The results of this study were carefully considered in creating a subsequent research study that examined the recovery experience for individuals living in rural Minnesota; the results have been shared prepublication with local health care systems so that health care providers can learn more about the startling ways that bias and stigma serve as barriers for individuals seeking treatment. The subsequent study serves as yet another way to share the “voices” of individuals in recovery so that health care providers as well as public health professionals, faculty, and community members can become more supportive of the recovery process. This study has led to new understandings of how specific populations (e.g., individuals who identify as LGBTQIA) experience more severe bias from the medical community that leads to even greater disparities in care. This research would not have been possible without the strong relationships with community members and recovery professionals that were created as a part of the described work.

Future work will include evaluating the beliefs of other health care professions and bringing the diverse voices and wisdom of the recovery community to these groups. The University of Minnesota College of Pharmacy continues to partner with local public health departments across northeastern Minnesota in an everwidening geographical area as these partners assess and evaluate ways to engage additional health care professions and various community voices within the region. Using the expertise of the University of Minnesota College of Pharmacy and the lessons learned through this study, local public health officials can streamline their assessment and evaluation processes when focusing on other health care populations. The innovative approach described in this publication can be replicated not only for a variety of health care professions but also in regions across the nation.
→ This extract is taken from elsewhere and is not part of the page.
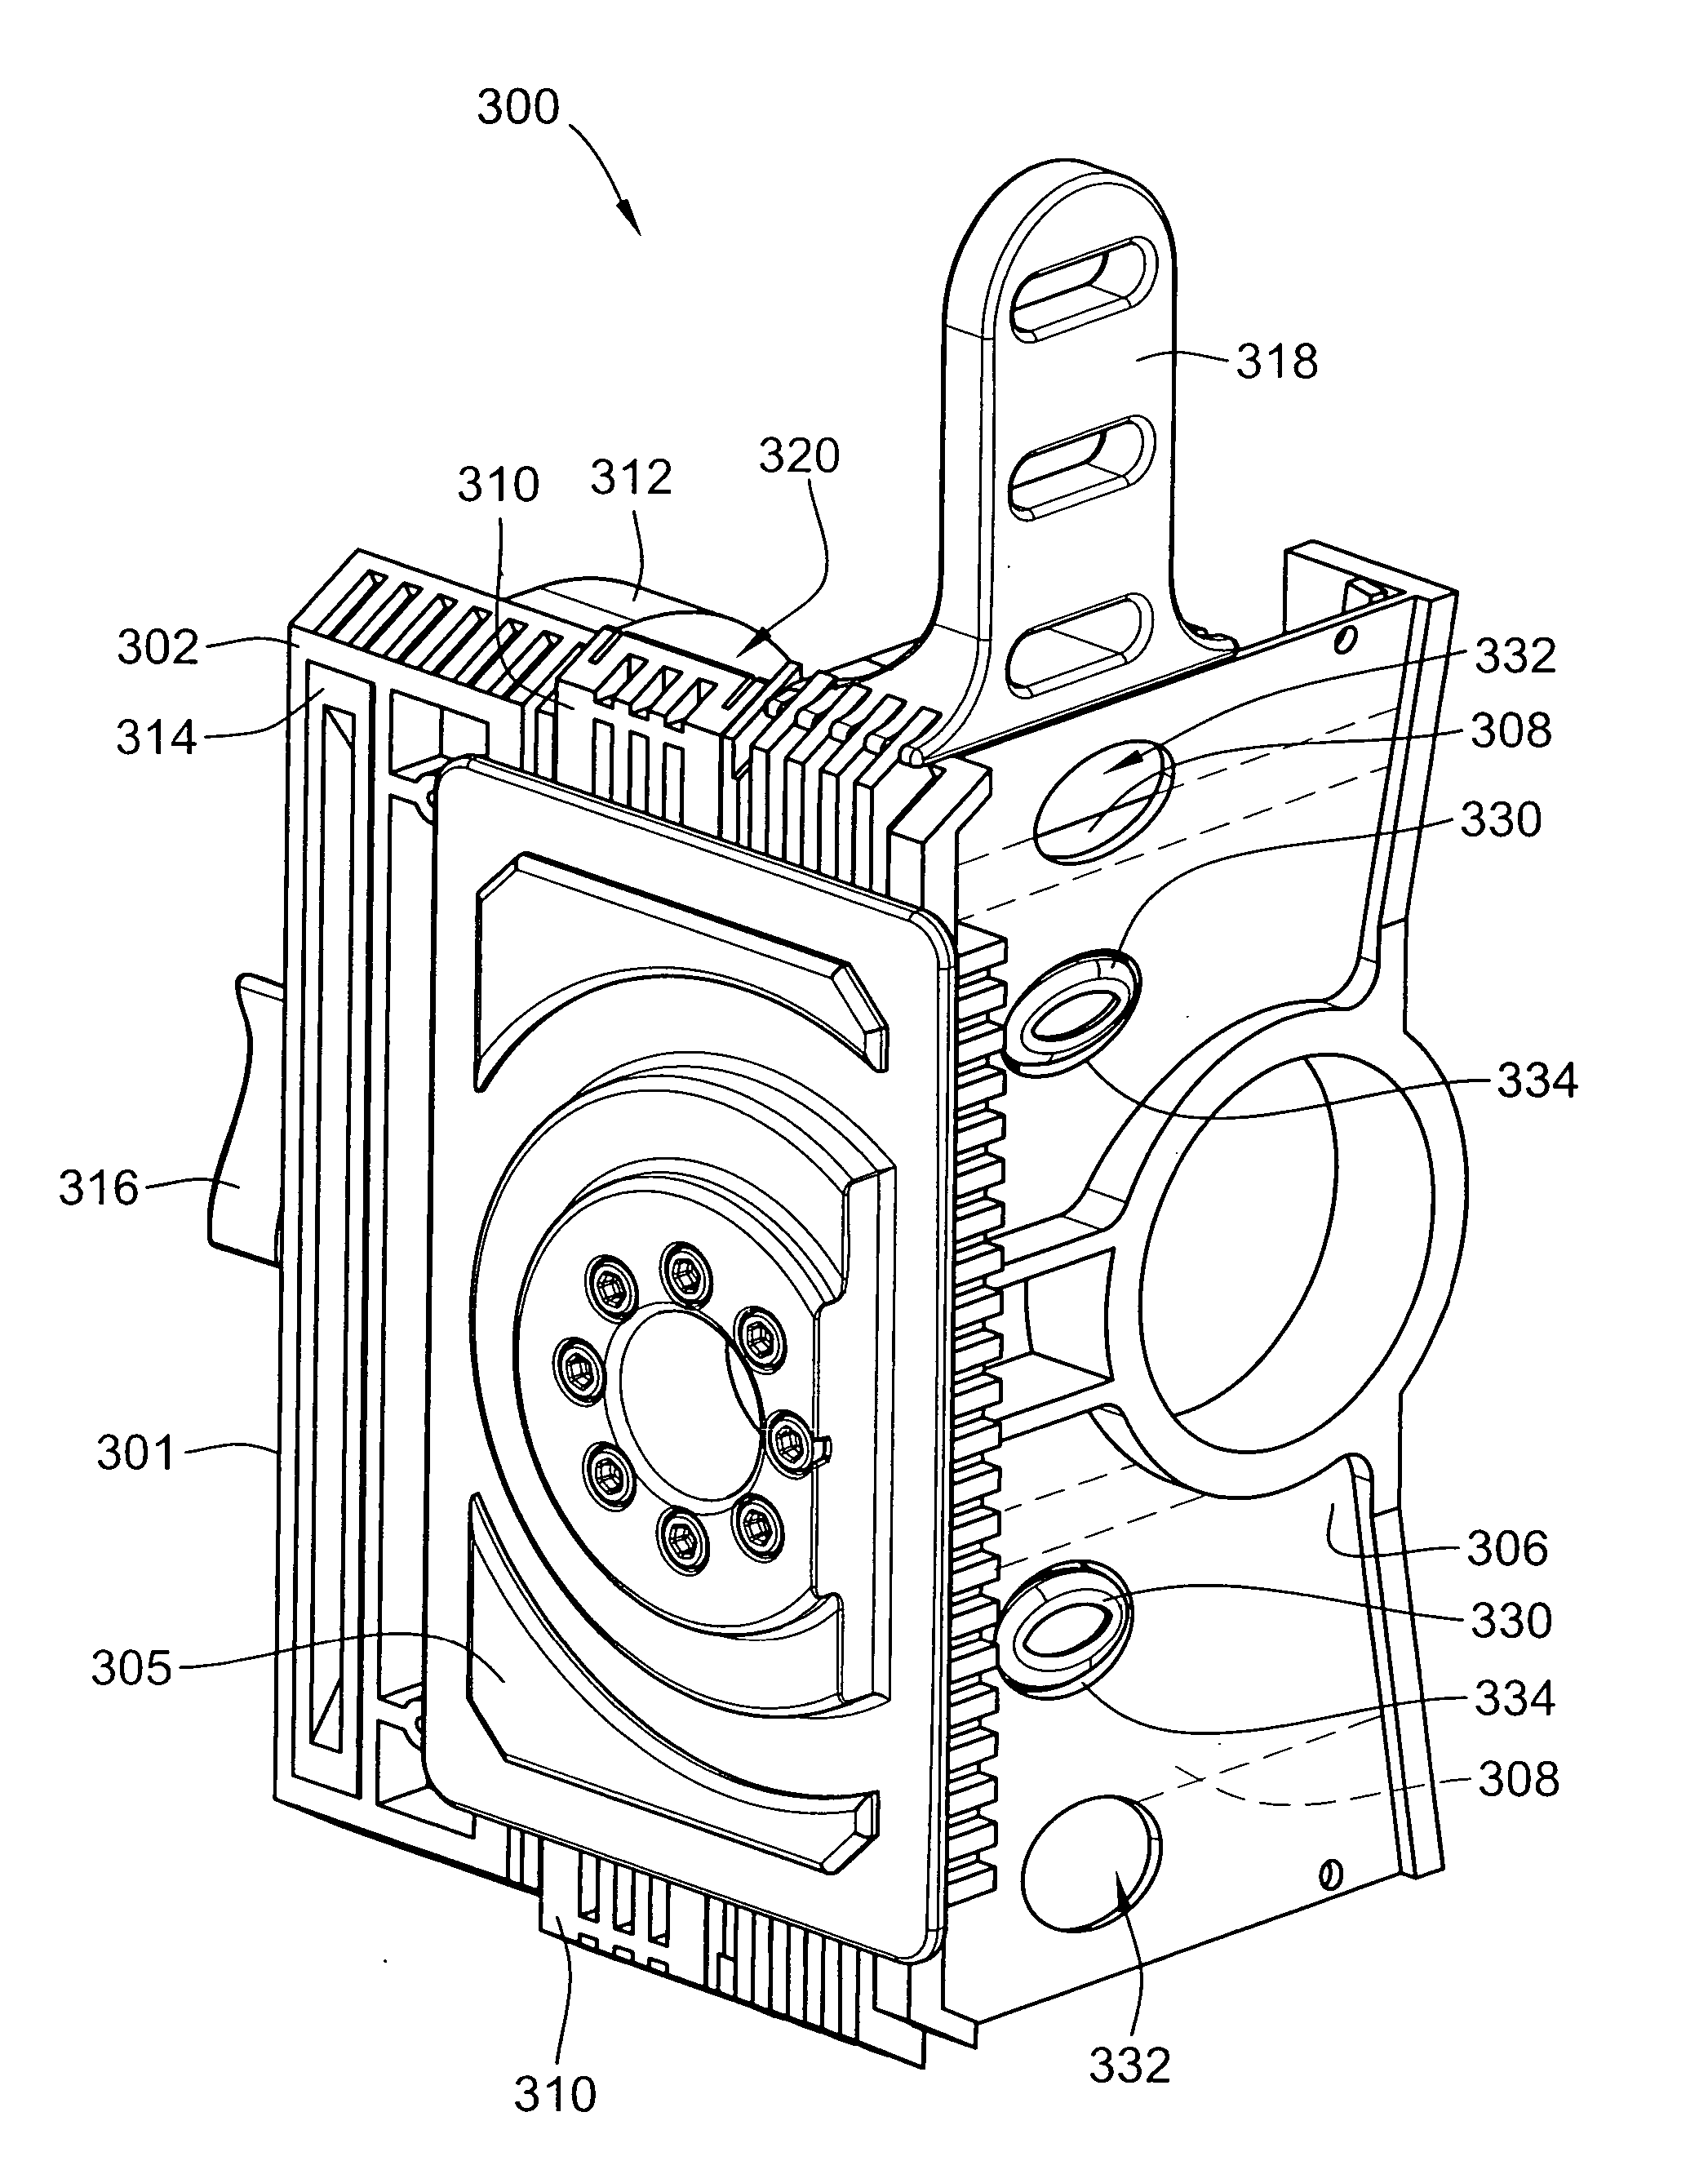 Apparatus and method for hanging a door

Community engagement is a valuable tool for transformational change that is desperately needed to reduce substance use and to create systems that support recovery across the United States. In partnership with community, our colleges and universities remain “one of the greatest hopes for intellectual and civic progress” and are still called—just as they were many years ago—to become a “more vigorous partner in the search for answers to our most pressing social, civic, economic and moral problems” (Boyer, 1996, p. 18). The opioid crisis is a critical public health emergency with social, civic, economic, and moral components that requires university partners to embrace new roles and responsibilities for the good of all.

Limitations

One limitation of this study is that the providers who attended the CME sessions were likely more interested than a representative sample of providers would be in investing time to find solutions to the opioid crisis. Pharmacists made up a large percentage of the attendees, which may bias the overall study response. Attendees were also not required to complete the survey, so it is possible that only the most engaged attendees filled out the survey; such a situation could lead to even more positively biased results.